Here is the code I have written:
#include <stdio.h>
#include <stdlib.h>
#include <ctype.h>
#include <string.h>
#include <conio.h>
#define MAX 41
int t, i, v1, v2;
int top = -1;
char seq[40];
char rpn[40];
char fin[40];
int main()
{
printf("introduce the numbers and opreands in rpn \n");
fgets(seq,40,stdin);
t=strlen(seq);
for (i=0;i<=t;i++)
if (isdigit(seq[i]))
{
Push(rpn, seq[i]);
}
if (ispunct(seq[i]));
v1=pop(rpn);
v2=pop(rpn);
if (seq[i] = '+');
push(fin, v1+v2);
if (seq[i] = '-');
push(fin, v1-v2);
if (seq[i] = '*');
push(fin, v1*v2);
if (seq[i] = '/');
push(fin, v1/v2);
printf(fin);
}
int isempty() {
if(top == -1)
return 1;
else
return 0;
}
int isfull() {
if(top == MAX)
return 1;
else
return 0;
}
int peek() {
return seq[top];
}
int pop() {
int data;
if(!isempty()) {
data = seq[top];
top = top - 1;
return data;
}else {
printf("Could not retrieve data, Stack is empty.\n");
}
}
int push(int data) {
if(!isfull()) {
top = top + 1;
seq[top] = data;
}else {
printf("Could not insert data, Stack is full.\n");
}
}
There are, I think, some big mistakes i can't solve by myself, since im a beginner in programming. I have searched for a solution on the internet, but i don't truly understand them.

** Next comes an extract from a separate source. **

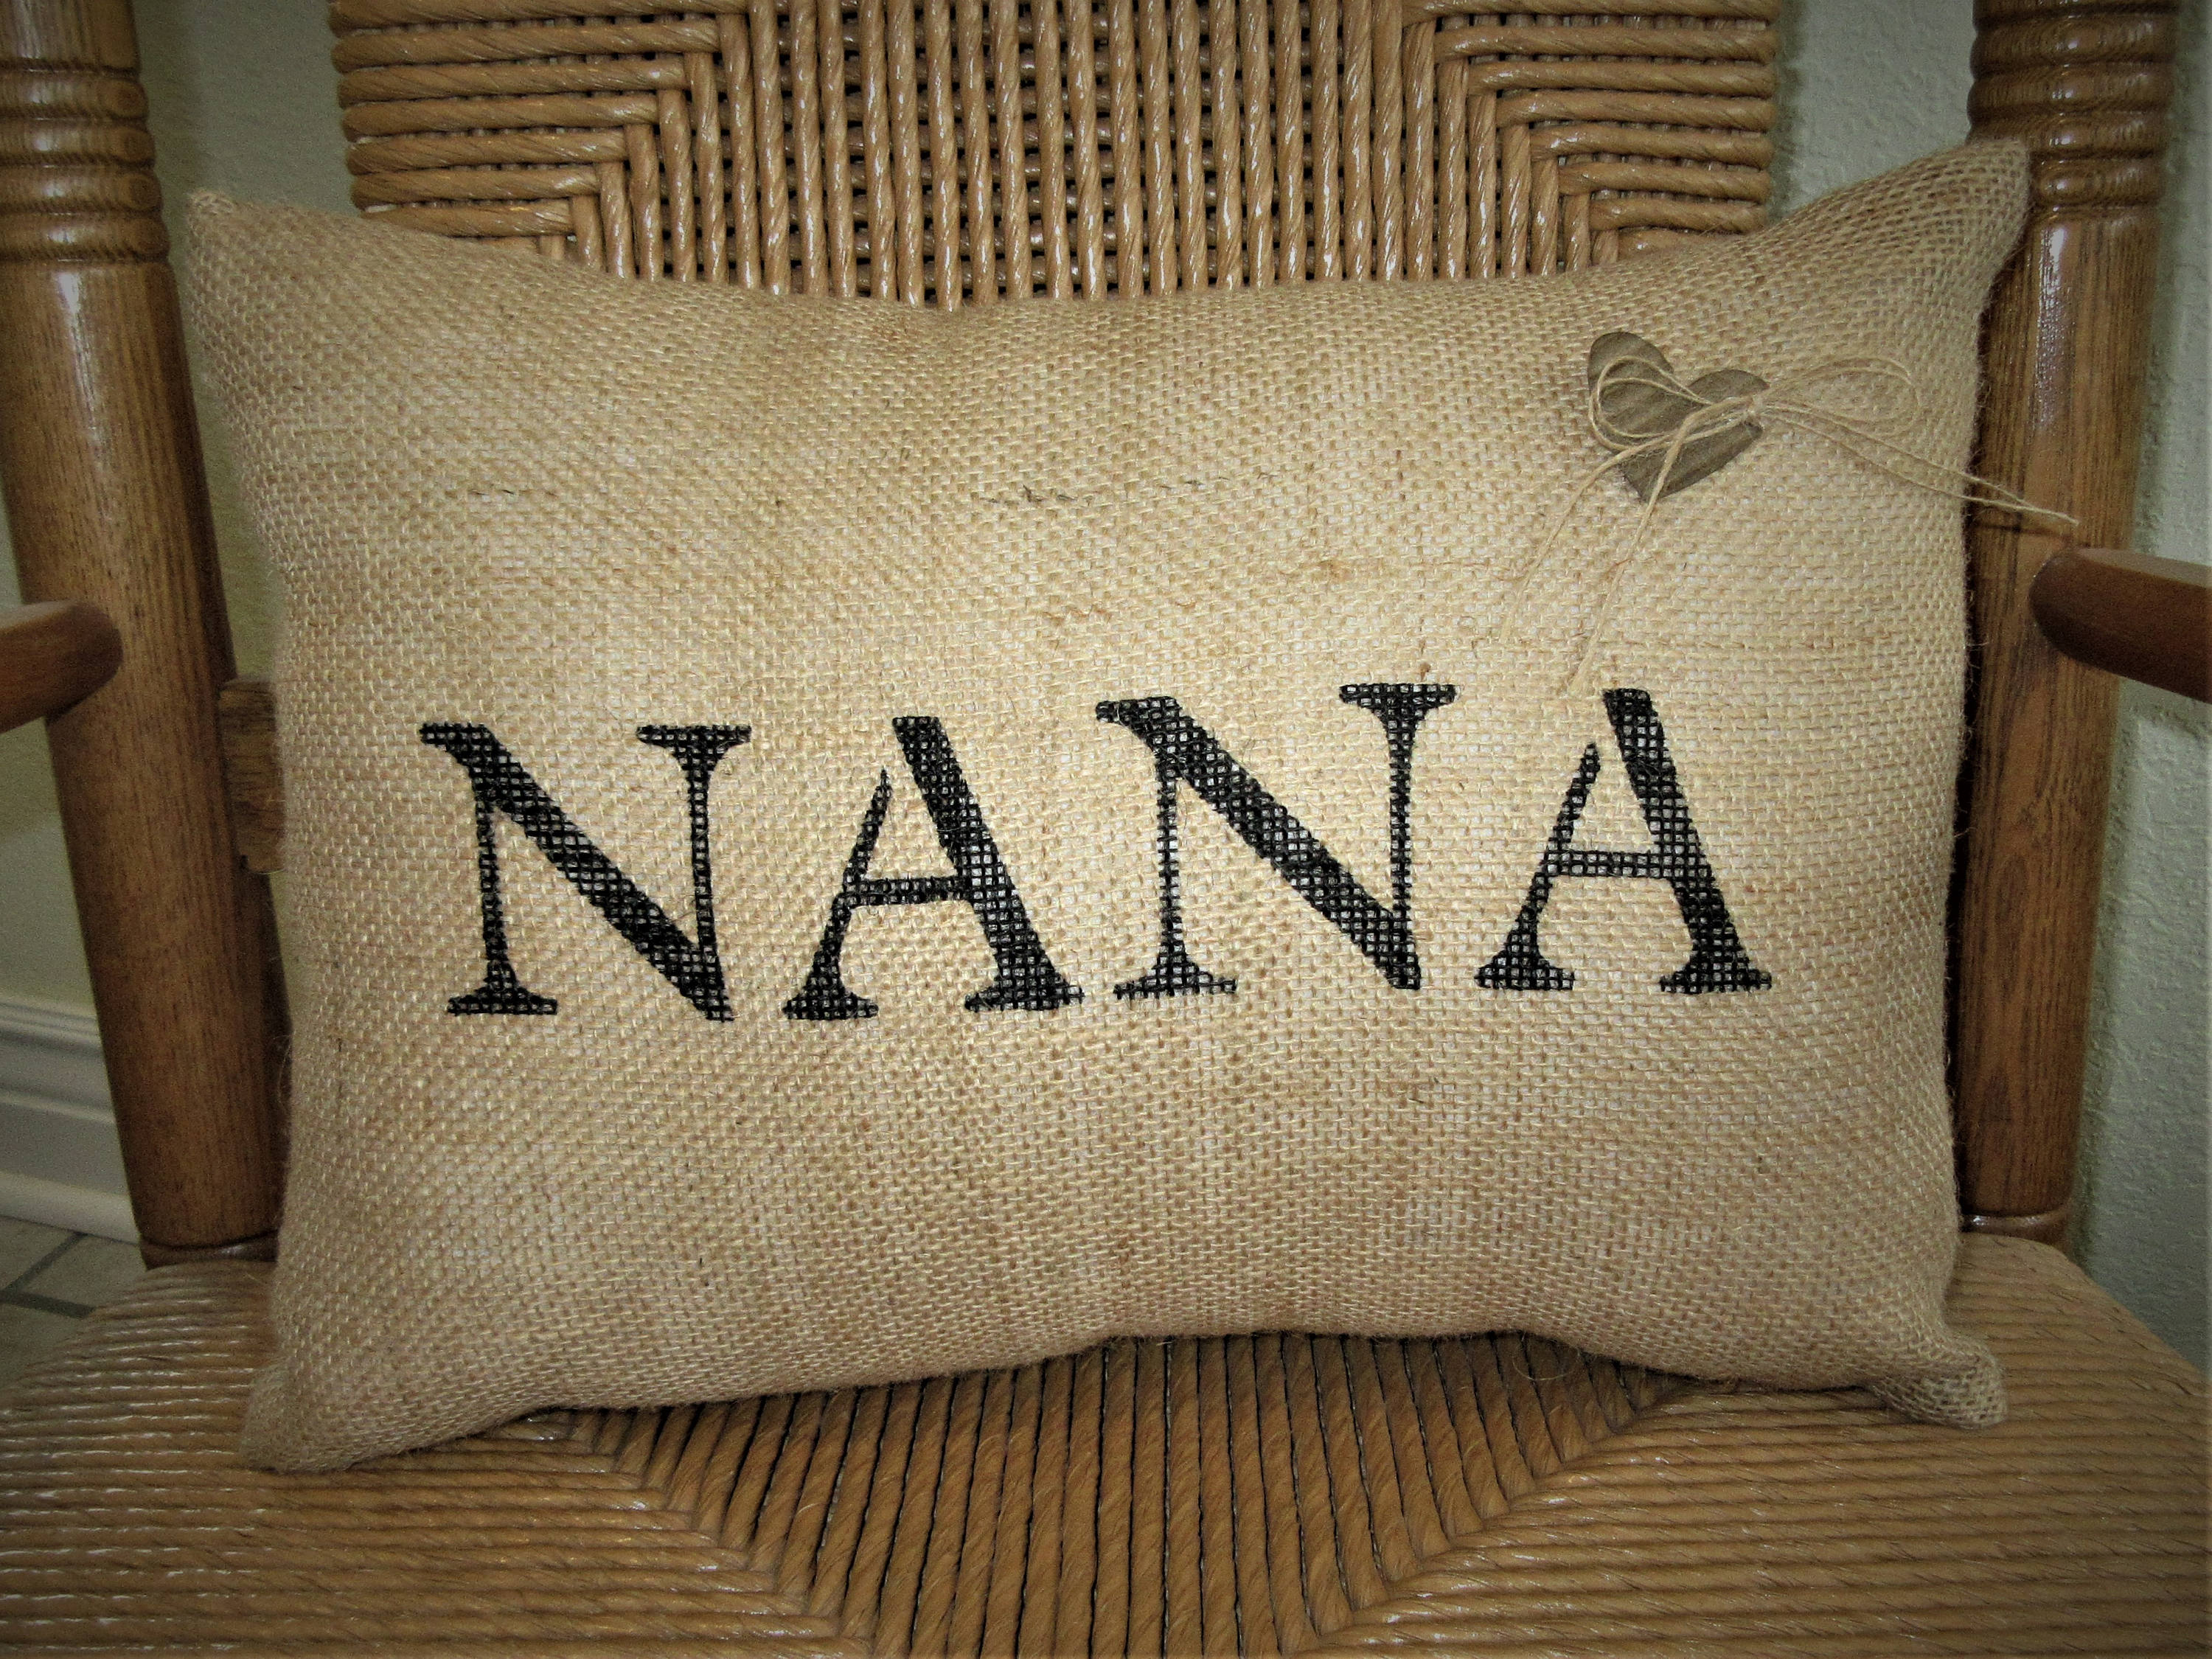 Nana Personalized Lumbar Burlap Pillow

The idea of my code is that the user types some numbers and operands like this: 2 3 +. In this case, the program should add 2 and 3 in a stack and when it reads and operator, pop the lasts 2 numbers on the pile and do the corresponding opperation.
When i build it I have this errors:
||=== Build file: "no target" in "no project" (compiler: unknown) ===|
C:\Users\Jordi\Documents\RPN.o:RPN.c|| undefined reference to `Push|
||error: ld returned 1 exit status|
||=== Build failed: 2 error(s), 0 warning(s) (0 minute(s), 0 second(s)) ===|
modified 17-May-16 13:03pm.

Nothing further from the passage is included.